[Records for this task — start]

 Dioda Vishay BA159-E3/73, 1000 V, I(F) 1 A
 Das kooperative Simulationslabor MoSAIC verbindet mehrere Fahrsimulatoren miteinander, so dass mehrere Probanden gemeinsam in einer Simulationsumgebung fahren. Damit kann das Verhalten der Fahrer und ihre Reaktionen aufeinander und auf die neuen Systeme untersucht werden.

[Records for this task — finish]
[Records for this task — start]

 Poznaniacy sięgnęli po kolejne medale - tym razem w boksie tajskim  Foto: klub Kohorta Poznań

[Records for this task — finish]
[Records for this task — start]

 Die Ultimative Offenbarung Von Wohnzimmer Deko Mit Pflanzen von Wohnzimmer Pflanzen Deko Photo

[Records for this task — finish]

(Prompt): Output exactly one stretch of the listing: from the line containing "Dioda Vishay BA159-E3/73, 1000 V, I(F) 1 A" through the line containing "Das kooperative Simulationslabor", both end lines included.

(Exercise result):
 Dioda Vishay BA159-E3/73, 1000 V, I(F) 1 A
 Das kooperative Simulationslabor MoSAIC verbindet mehrere Fahrsimulatoren miteinander, so dass mehrere Probanden gemeinsam in einer Simulationsumgebung fahren. Damit kann das Verhalten der Fahrer und ihre Reaktionen aufeinander und auf die neuen Systeme untersucht werden.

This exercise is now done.